Disk-Drive Buyers Seek Class Cert on Price Fixing

     SAN FRANCISCO (CN) – Disk-drive buyers asked a federal judge on Wednesday to certify a class of indirect purchasers in an ongoing antitrust suit against dozens of major tech companies.
     The multidistrict litigation in San Francisco stemmed in part from a 2010 class action filed by computer makers Acer and Gateway claiming the companies conspired to “fix, raise, stabilize and maintain prices” for the multibillion-dollar optical-disc drive industry.
     U.S. District Judge Richard Seeborg previously denied the plaintiffs’ motion for class certification in October 2014, finding their analysis of disk-drive purchase data was insufficient to show classwide impact.
     During a hearing Wednesday, defense attorney Jeffrey Kessler argued the plaintiffs’ new study of approximately 445 million disk-drive transactions still falls short of that standard.
     “Before, they assumed classwide impact instead of demonstrating it,” Kessler said. “They have a nice new package, but it doesn’t fix these errors.”
     The new data analysis, performed by University of Texas economist Dr. Kenneth Flamm, measures the impact of the defendants’ alleged price-fixing scheme on the market based on “the most sound methods of economic and statistical analysis,” said class attorney Jeff Friedman.
     “We spent over 200 hours of economists’ time painstakingly putting together a huge mess of data, using almost every scrap of usable data they produced,” Friedman said. “Now we have data from 87 percent of sales in the market from firms that are responsible.”
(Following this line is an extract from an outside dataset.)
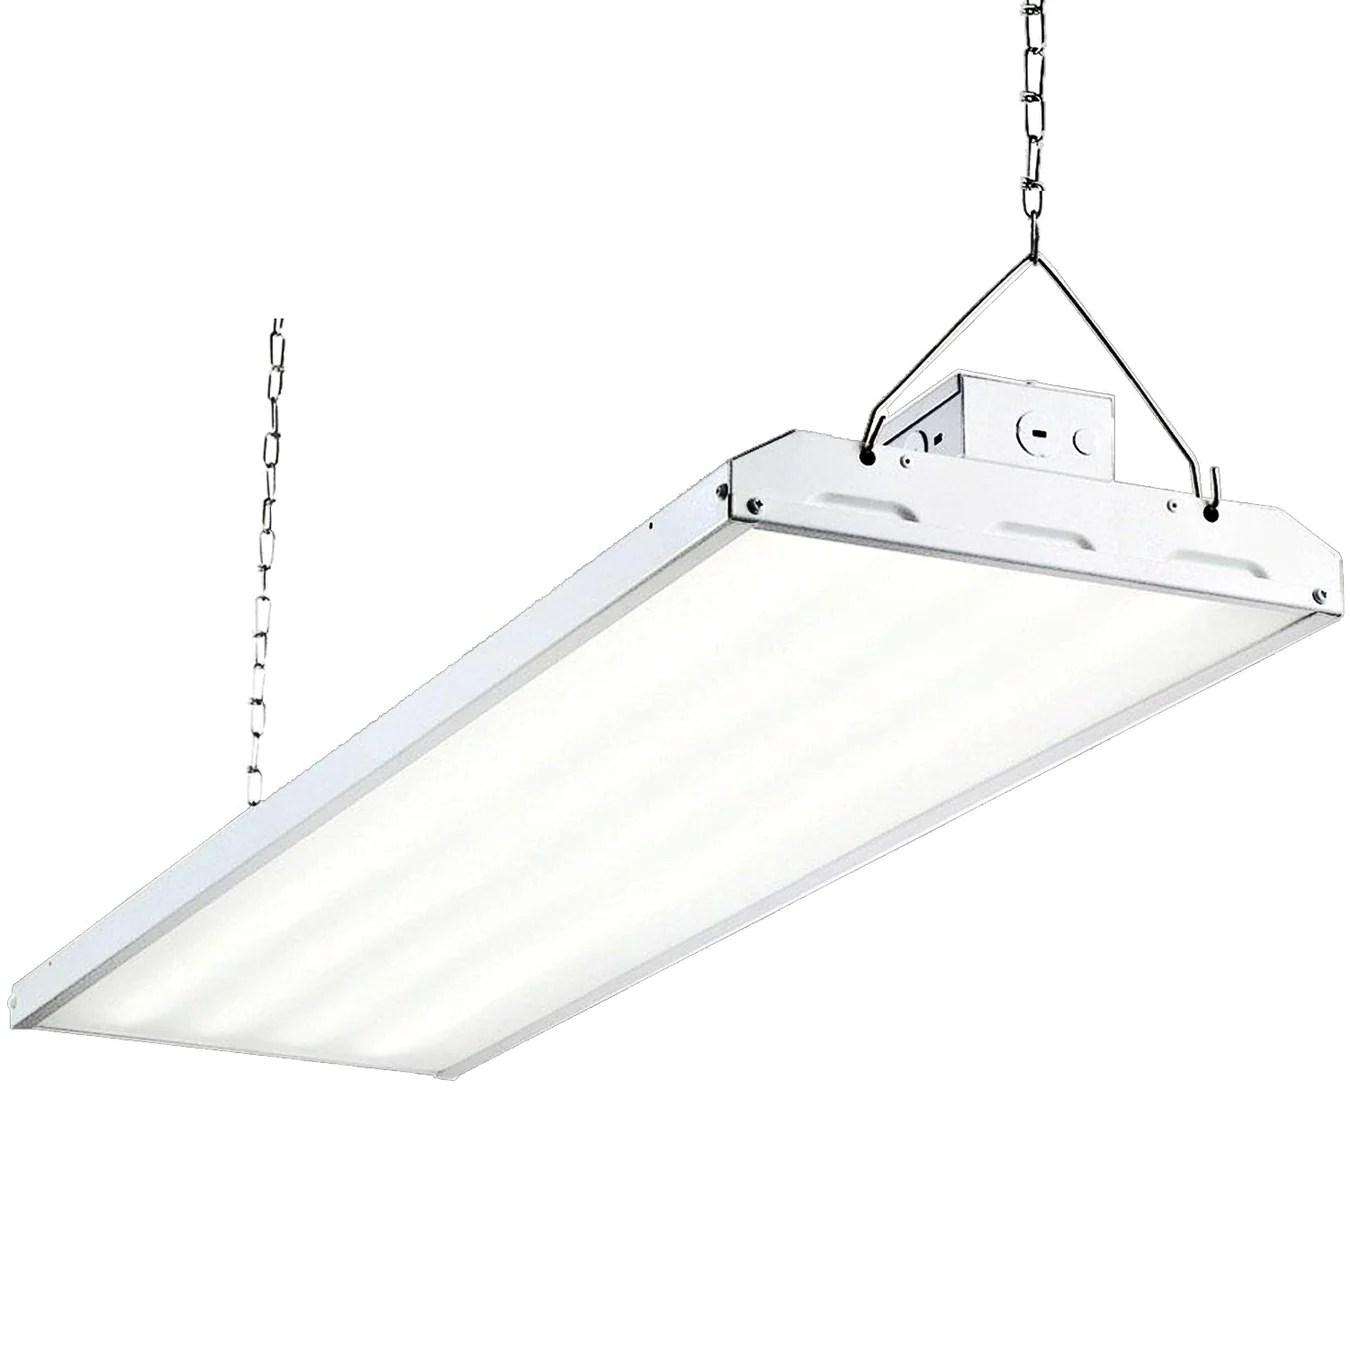 hight resolution of led linear high bay light

     Friedman said the analysis clearly measures the impact of the defendants’ “conspiratorial intervention” in the marketplace and that the plaintiffs’ hypothesis was backed up by a Granger causality test, a statistical method developed by Nobel Prize-winning economist Clive Granger.
     “The Granger causality analysis allows us to measure the overcharge,” Friedman said. “The larger your sample size, the more precise and accurate your results, and the closer you will get to the true value.”
     Kessler responded that the Granger causality test cannot be used as “magic bullet” to fix all the “gaping holes” in the plaintiffs’ evidence that purports to show all the proposed class members were injured by the defendants’ actions.
     “It’s not a matter of identifying the gaps,” Seeborg said. “Do they have an argument that covers the gaps?”
     Kessler argued the plaintiffs fundamentally failed to demonstrate classwide impact, starting with the fact that their data analysis lumps together different types of buyers including wholesalers, distributers, retailers and individual consumers.
     “The extension of your argument is, assuming there is a vast conspiracy here, plaintiffs are never going to be able to put together an analysis that will suffice for class purposes,” Seeborg said. “You can pick apart everything they present.”
     Kessler replied that the plaintiffs’ burden to show classwide impact is not an impossible one, but meaningful differences between the various buyer groups should be considered.
     “If they had an overcharge regression analysis that did not just assume impact overall and didn’t have these gaps and no statistical impact, then they wouldn’t have to do Granger, but Granger doesn’t remove the fact that they had no methodology in the first place,” Kessler said.
     The defense attorney argued the plaintiffs only adjusted for cost when performing the Granger test and failed to take into account 300 other variables, including supply and demand.
     Seeeborg summarized his understanding of both sides’ arguments. He said the plaintiffs maintain the Granger test backs up the validity of their study’s conclusions while the defendants argue their initial approach is flawed and that the Granger test adds no value to their claims of classwide impact.
     “We have other evidence here of conspiratorial conduct,” Seeborg said. “Why can’t I consider that in that context?”
     The existence of an alleged conspiracy is not the issue, Kessler argued, adding the judge should instead focus his ruling on whether or not the plaintiffs have sufficiently demonstrated impact to all class members.
     Three of the defendants – Hitachi-LG, NEC Corp. and Panasonic – previously settled class action claims by direct-purchaser plaintiffs for $37.9 million.
     In July, Seeborg awarded $13 million in attorneys’ fees to lawyers representing those direct-purchaser plaintiffs.
     A long list of plaintiffs, including Hewlett-Packard, sued the defendants starting in 2010, claiming the price-rigging scheme allowed them to control 90 percent of the disk-drive market and rake in more than $45 billion in revenue between 2004 and 2008, according to HP.